Seorang anak yang dicurigai menjadi korban pelecehan harus diperiksa dengan teliti
oleh seorang dokter anak di departemen darurat medis untuk tanda-tanda pelecehan.
Pemeriksaan laboratorium, kultur, usap, dan pencitraan dapat dijamin untuk mendukung
temuan klinis.

Gangguan Makan

Beberapa presentasi yang lebih umum dari anoreksia nervosa ke ruang gawat darurat
termasuk pusing baru-baru ini atau pingsan mantra di sekolah atau di rumah atau kejang;
ketika orang tua atau pengasuh sangat curiga terhadap gangguan makan setelah pasien
diamati muntah (dan mungkin juga mengeluh tentang penyakit pencernaan); atau ketika
orang tua atau pengasuh mencatat bahwa pasien dengan berbahaya membatasi asupan.
Sebuah penelitian tahun 2008 menemukan bahwa sekitar 16,9% dari mereka yang
menderita anoreksia nervosa mencoba bunuh diri (Bulik et al. 2008). Untuk psikiater
darurat, pertanyaan apakah akan menerima pasien dengan kelainan makan ke unit medis
atau unit psikiatri akan didasarkan pada sumber daya yang tersedia di rumah sakit
dokter. Setelah menyelesaikan evaluasi fisik dan kejiwaan penuh, termasuk evaluasi
keluarga yang diperlukan, rawat inap medis rawat inap dibenarkan jika salah satu dari
kriteria berikut dipenuhi:

• ≤75% dari berat badan ideal (pasien dalam gaun setelah berkemih)
• Denyut jantung <45 bpm, beristirahat dengan berbaring selama setidaknya 5 menit
• Hipokalemia (pada evaluasi elektrolit plasma)
• Hiponatremia (pada evaluasi elektrolit plasma)

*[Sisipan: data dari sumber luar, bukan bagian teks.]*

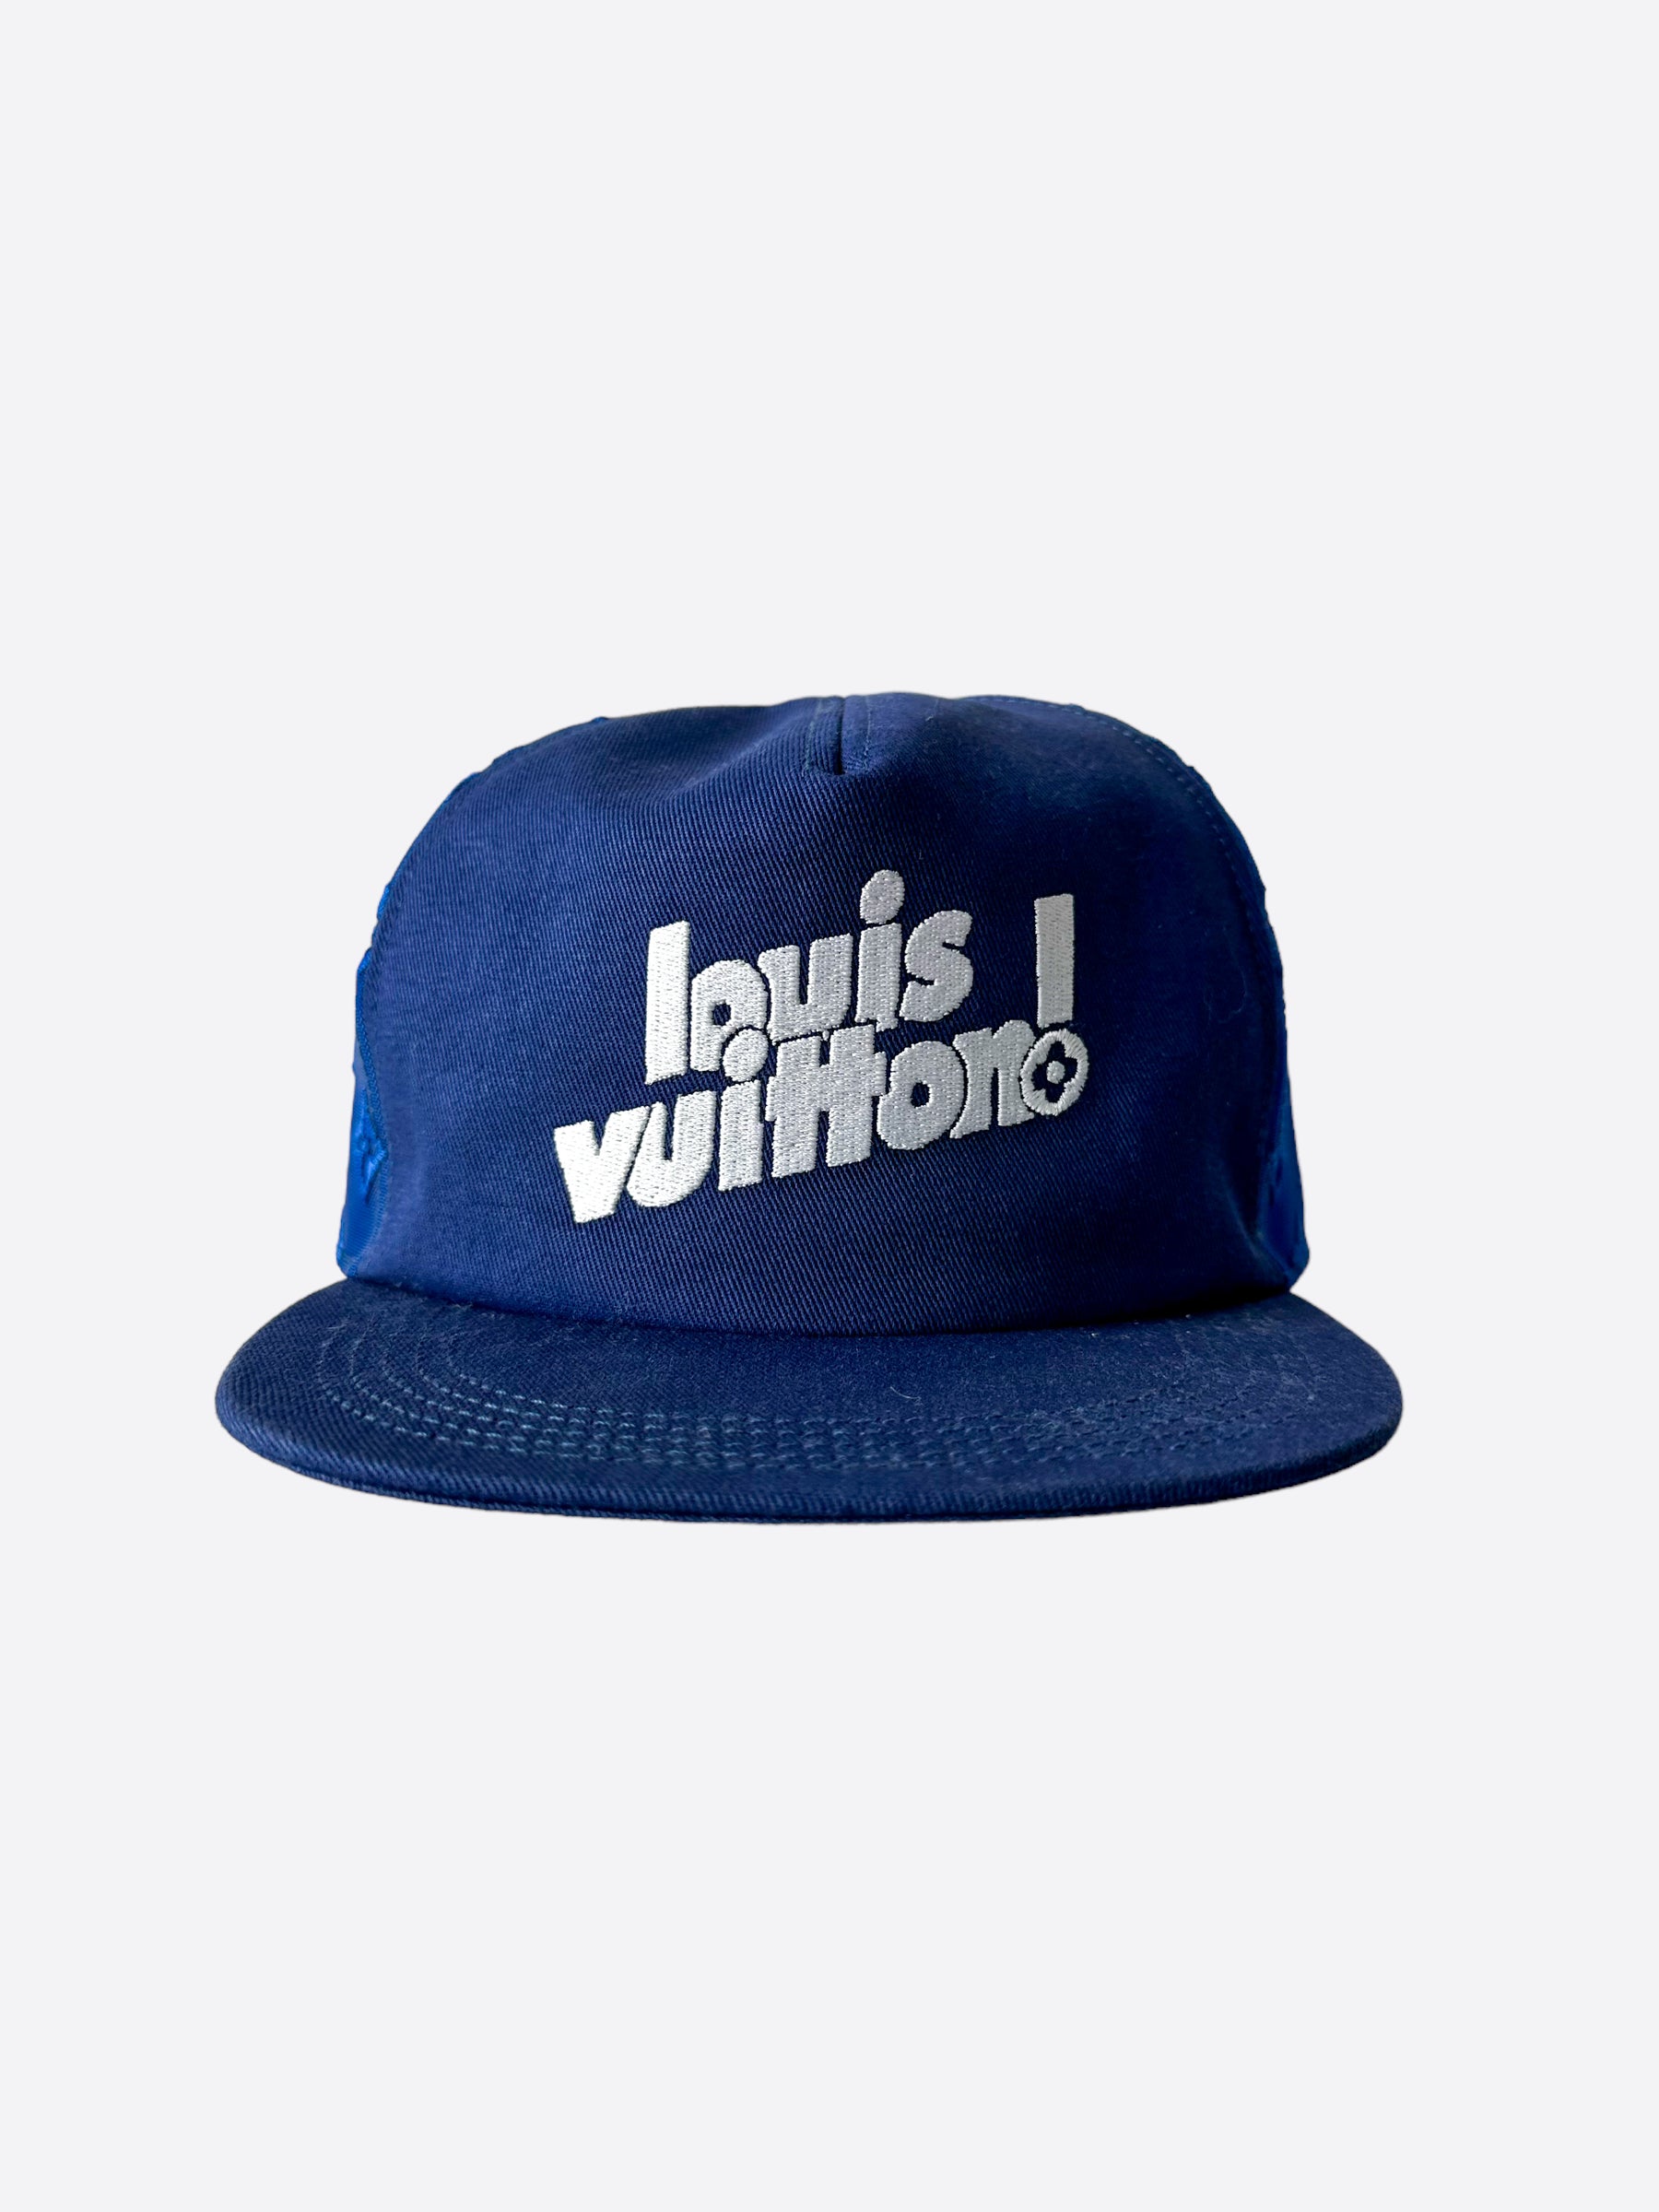 Louis Vuitton - Black LV Mesh Monogram Trucker Hat – eluXive

Mengingat tingkat bunuh diri yang sangat tinggi untuk pasien dengan anoreksia
navosa, beberapa presentasi mereka akan serupa dengan pasien psikiatrik lain yang
memerlukan rawat inap segera untuk stabilisasi dan keselamatan (American Psychiatric
Association 2006):
• bunuh diri parah dengan kematian atau niat tinggi (yang dalam situasi apa pun
memerlukan rawat inap).
• Kemampuan yang memburuk untuk mengontrol muntah yang diinduksi sendiri,
peningkatan makan berlebihan, penggunaan diuretik, dan penggunaan katartik yang
dapat dianggap mengancam jiwa.
• Perubahan berat badan terkait perubahan atau perubahan status mental akibat gejala
memburuknya suasana hati, bunuh diri, atau dekompensasi psikotik.
• Keasyikan dengan berat dan / atau citra tubuh, disertai dengan penolakan makan, atau
pikiran obsesif tentang citra atau berat badan yang menyebabkan pasien tidak
kooperatif dengan perawatan dan memerlukan pengaturan yang sangat terstruktur
untuk rehabilitasi.

Presentasi lain mungkin tidak menjamin rawat inap di rumah sakit tergantung pada
keseluruhan gambaran klinis dan evaluasi psikiatris penuh (American Psikiater
Association 2006):
• Penurunan berat badan yang cepat atau stabil dan / atau total berat badan <85% dari
berat badan normal yang sehat. Anak-anak di bawah persentil ke-5 dianggap kurus.
Namun, faktor-faktor lain, seperti otot abnormal, status kerangka tubuh, sembelit, dan
pemuatan cairan, akan memengaruhi hasil ini dan mungkin menyesatkan. Selain itu,
BMI individu tertentu mungkin lebih baik dipahami menurut kelompok etnis (Lear et
al. 2003).
• Gangguan metabolisme, termasuk hipofosfatemia, hiponatremia, hipokalemia, atau
hipomagnesemia; nitrogen urea darah tinggi dalam konteks fungsi ginjal normal.
• Gangguan hemodinamik pada anak-anak dan remaja: denyut jantung di usia 40-an;
perubahan ortostatik (> 20 bpm peningkatan denyut jantung atau> 10-20 mm Hg
drop); tekanan darah di bawah 80/50 mm Hg.